Did legendary hunter-conservationist Jim Corbett aggravate the man-eating leopard problem in Uttarakhand, where the big cats kill the maximum number of people in India?

Do leopards, believed to be solitary animals, communicate with each other? Do they live alongside people -- and not just in protected forests -- in villages and towns, and does capturing and moving them to forests lead to attacks on humans?

These questions will swarm you if you speak to Vidya Athreya, who has been studying leopards in Maharashtra for the last 13 years.

In 2009, she fitted the first radio-transmitter collar on a leopard in the state.

The elderly male cat, which she named Ajoba (grandfather in Marathi), was released in the Malshej Ghat forests. He straightaway started towards Mumbai, about 150 km away.

Over two-and-a-half months, Ajoba walked through villages, towns and the city -- crossing railway stations, industrial areas and swimming across a huge creek -- before settling down in the Sanjay Gandhi National Park that the Maximum City eats into a little bit more every day.

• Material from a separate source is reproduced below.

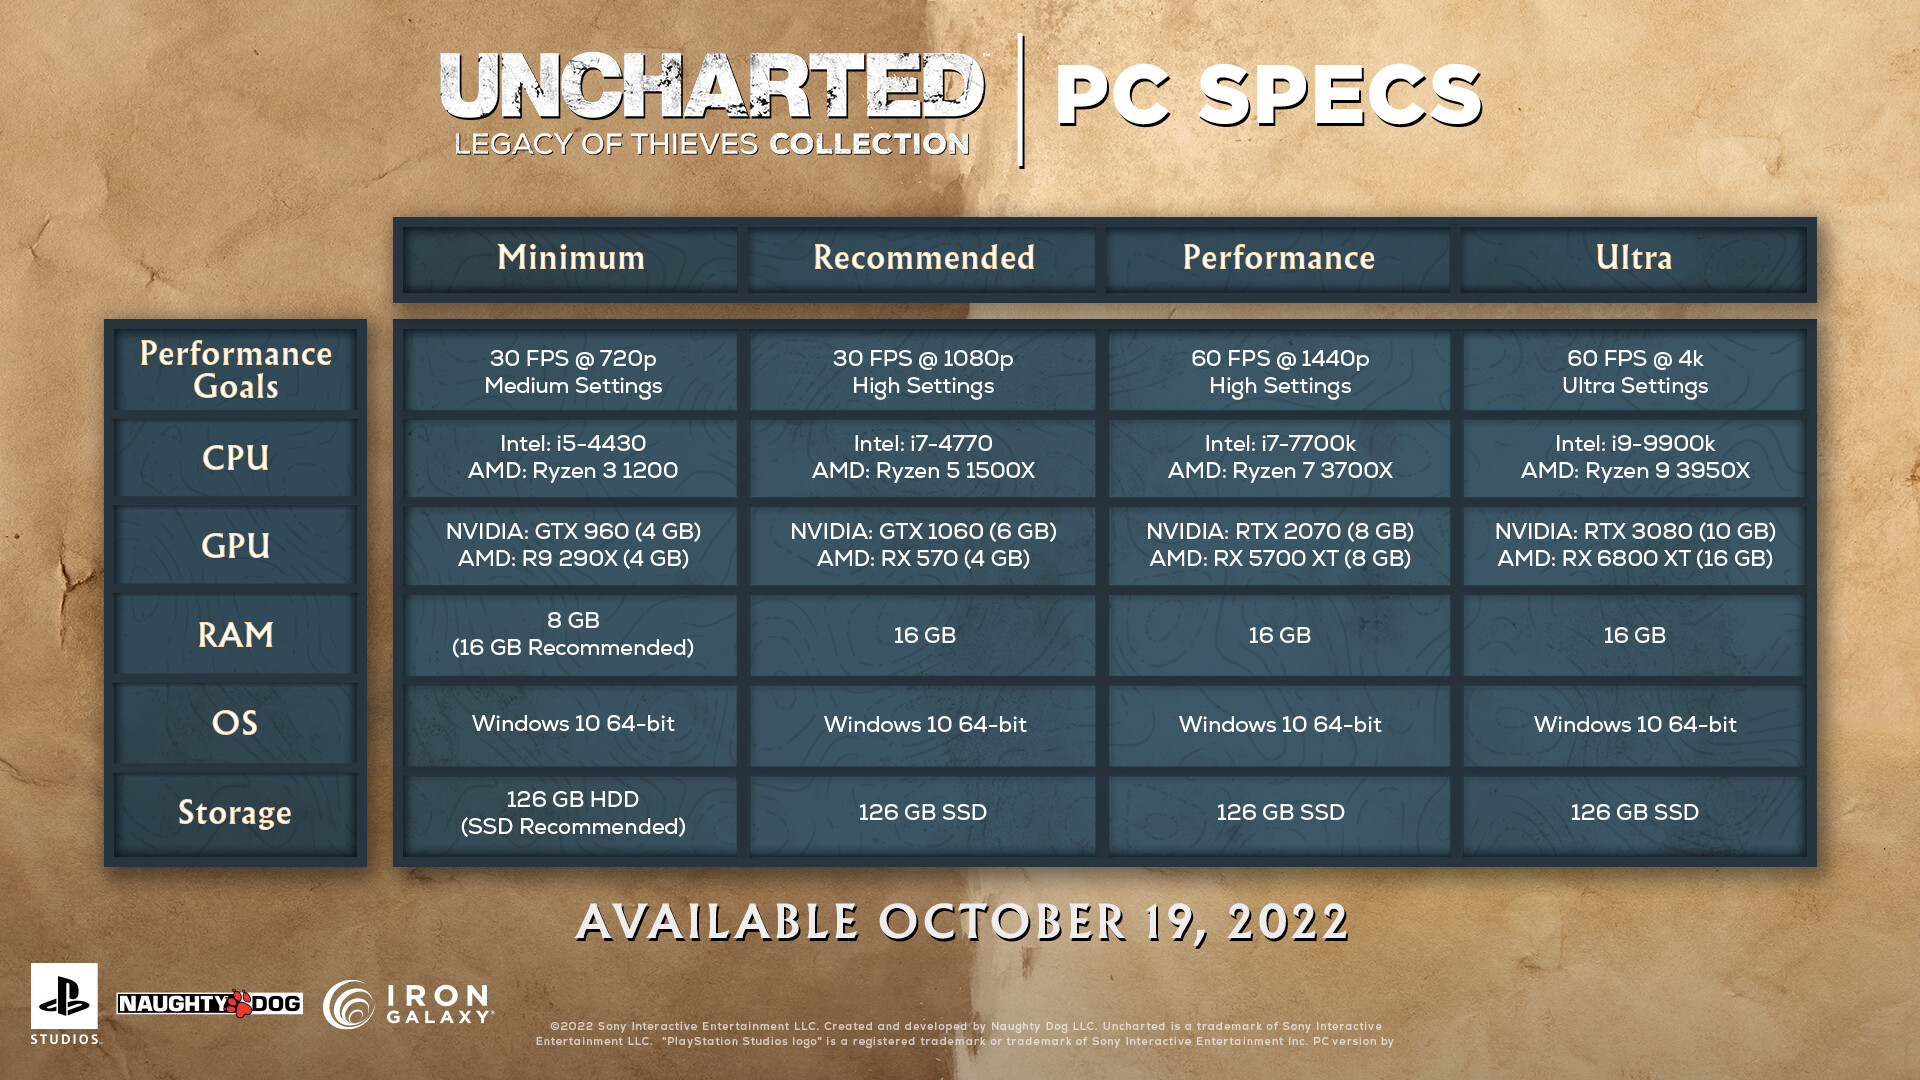 System requirements for Uncharted Legacy of Thieves on PC.

He never attacked a human being; very few people saw him. He was eventually run over by a truck on the Mumbai-Ahmedabad highway.

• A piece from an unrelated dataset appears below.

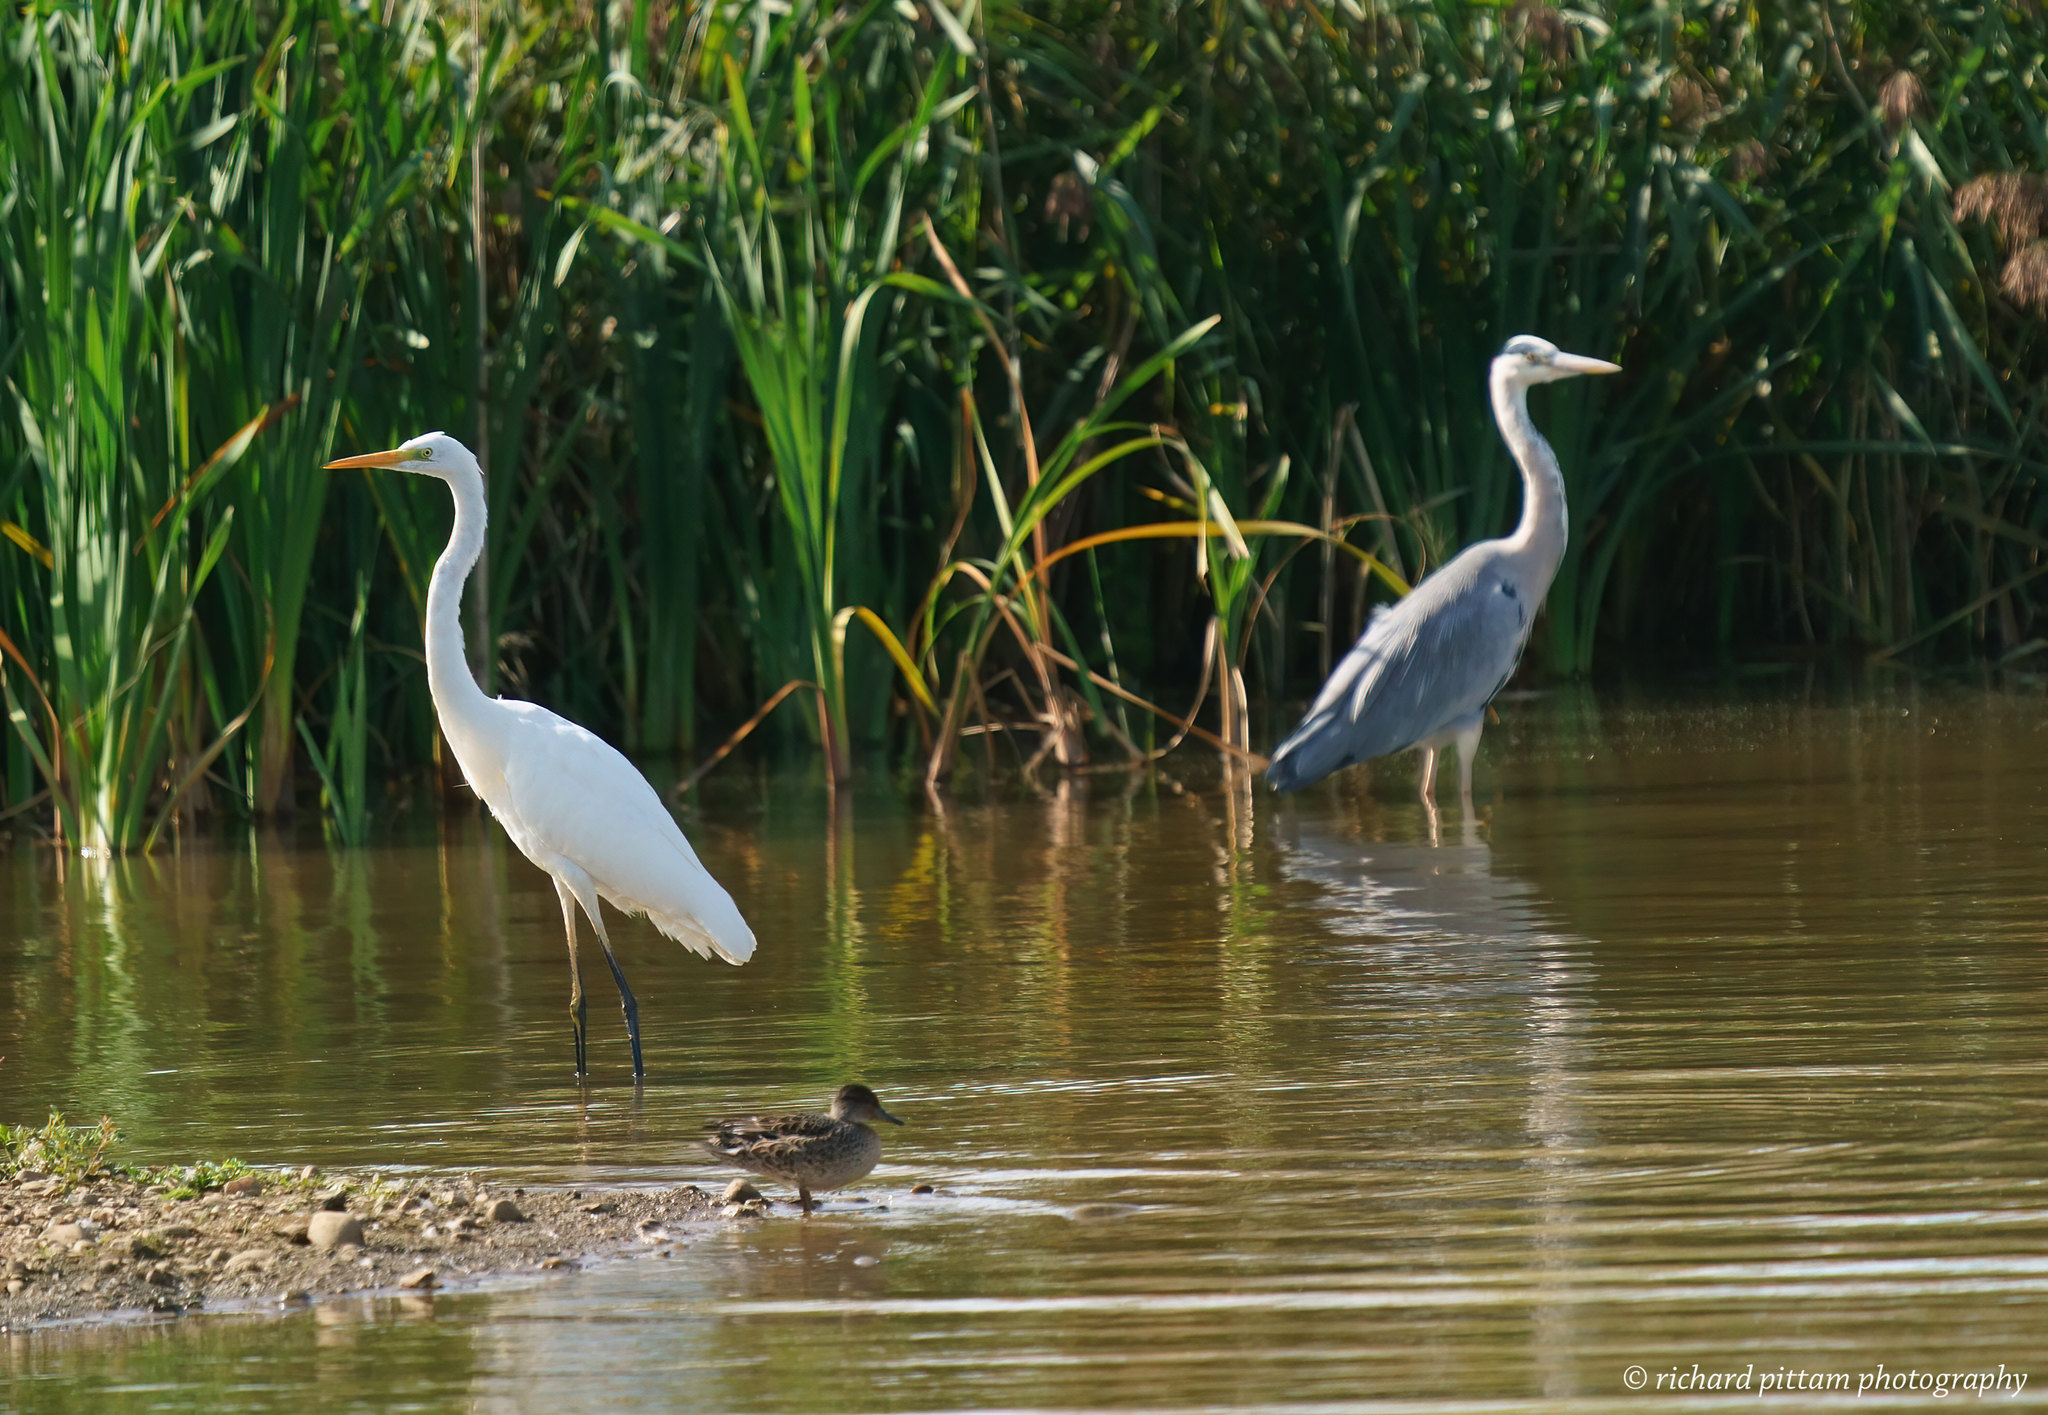 Great White Egret with Grey Heron and Teal on-looking...

The cat's journey is being made into a Marathi film by National Award-winning director Sujay Dahake.

In Ajoba, Urmila Matondkar plays the wildlife scientist.

"The character that plays me is totally fictionalised, but it's based on my work," says Athreya, who lives in Pune with her astronomer husband, teenaged daughter and pet cat.

"The leopard is the hero. Not the scientist," she insists.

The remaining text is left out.